The song has become kahiko. The ancient hula form.
And the song asks: What are we doing here. In this land.
In my mind I see: Water finding its way from the top of rain-pounded gulches in the mountains to the leaves of green kalo in the valley. To the thirsty earth. I see fish and flower beds and symbiosis. My hands in that same soil, tilting the balance ever so slightly, and the green roaring back.
The song asks again: what are we doing here. Take the balance we’re building at the farm, I say. Say it with my hands and hips in the hula. The song is asking and I answer. Make my palms flat and press them down through the air as I rock my hips and step slowly, and turn back. I’m not working hard but I’m dizzy, motion-sick. Something is in me.
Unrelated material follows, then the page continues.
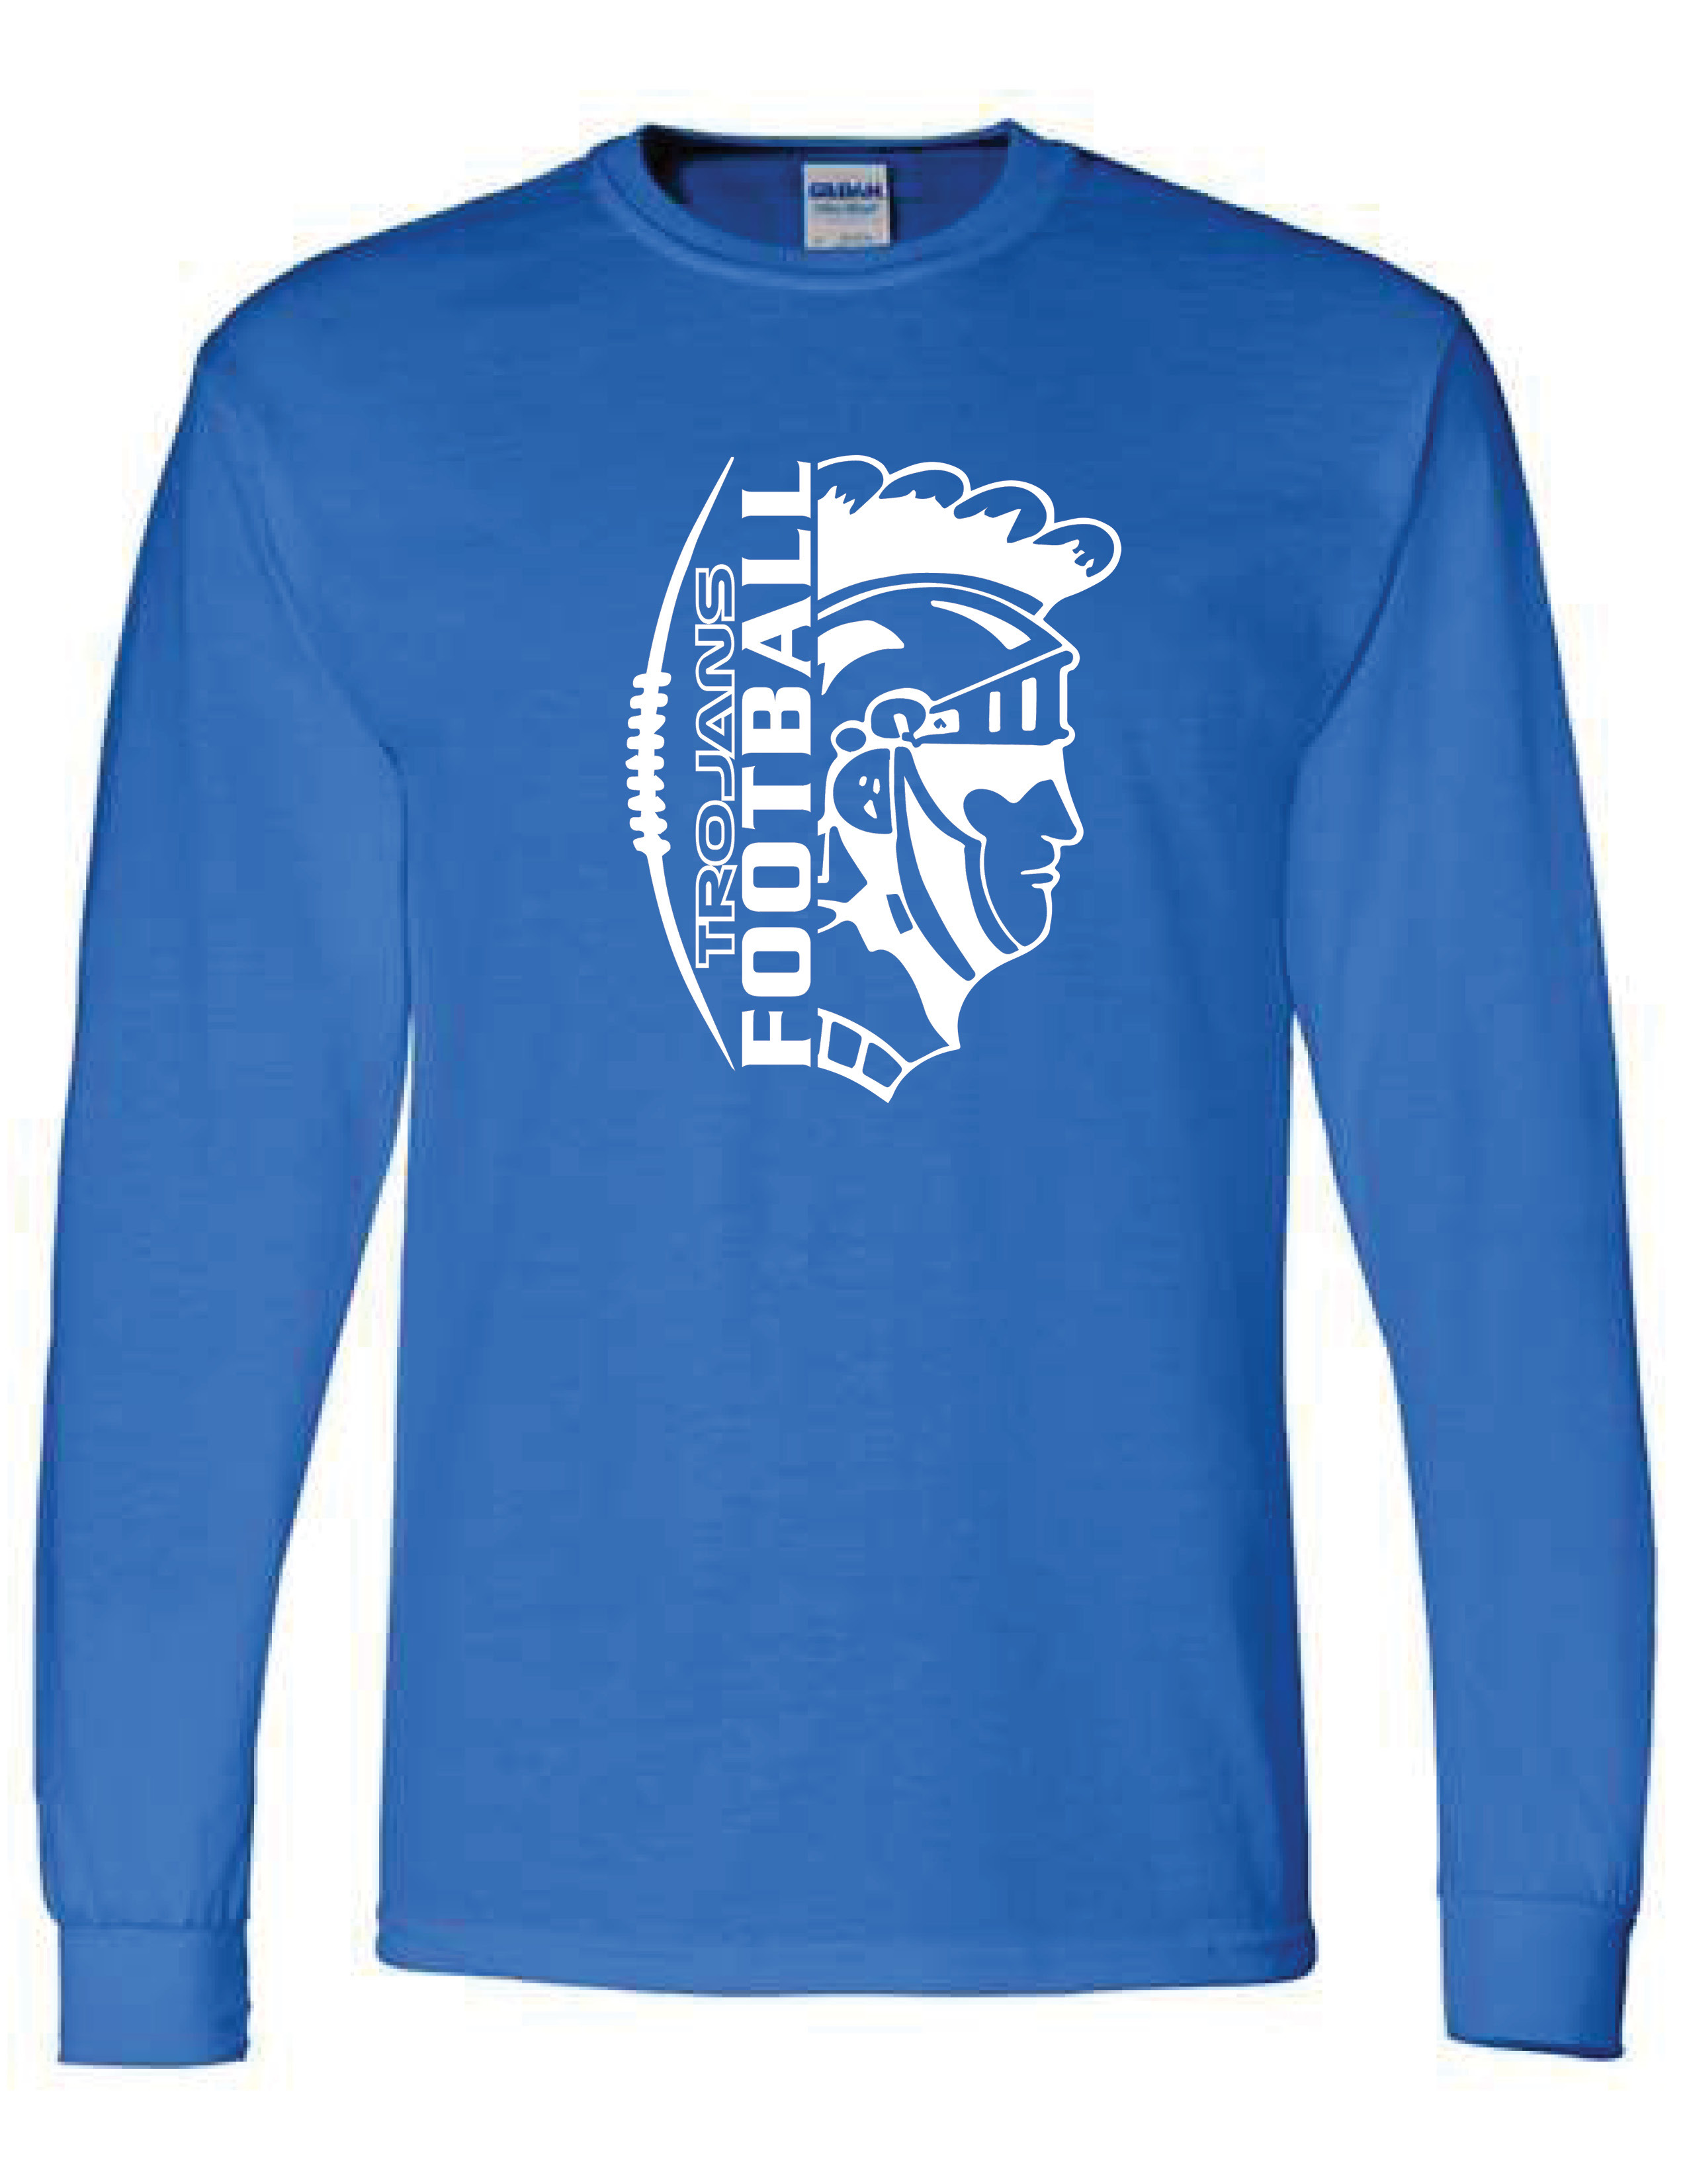 Long Sleeve T-shirt  (TROJAN)

Mom goes harder on the ‘ukulele. She’s slapping and knuckling the body. She’s hitting chords and notes all over the strings, right? It’s the farm, I answer, it’s the land, what we can be and what the islands can become. In the hula I pluck from the air like I’m plucking kalo. I sweep down and across my body like rain through the dirt and rivers. The old ways again, land feeding, land eating. That old hum. I pivot on my heels. Mom goes on, the song is swelling with a rainstorm of notes and a beat that’s turning before our eyes. I’ve never seen her play like that, so fast and precise; it’s not sad anymore. I see my hands as I sweep with them. My hands. Stained again to the quick, this time with soil instead of the climbing chalk they’d been dirtied with in San Diego. I roll my hips and shoot my feet out and back to the beat. I drop to my knees and turn my arms each way before setting them down. I bow. Mom strikes the last notes, faster than the notes she started with.
There’s a rip tide of silence. I slam my ass back into the chair. Like, almost break it, almost fall over. The sensations of where I am start to creep back into recognition. The coqui frogs go.
“Mom?” I ask. “What just happened?”
Her eyes are larger and whiter than before. “I don’t know,” she says. “I’ve never played that before in my life.” She cradles the ‘ukulele back down to her lap. Opens her hands and wiggles her fingers. As if to be sure they’re still there.
I ask her did she see it, too. Did she feel it.
“Yes,” she says.
I think of all the other hula that had been in me. From that first night, the cafeteria, to college and Van, to this. Alive alive alive, goes my heart.
“Kaui,” Mom says slowly, “what is happening on that farm?”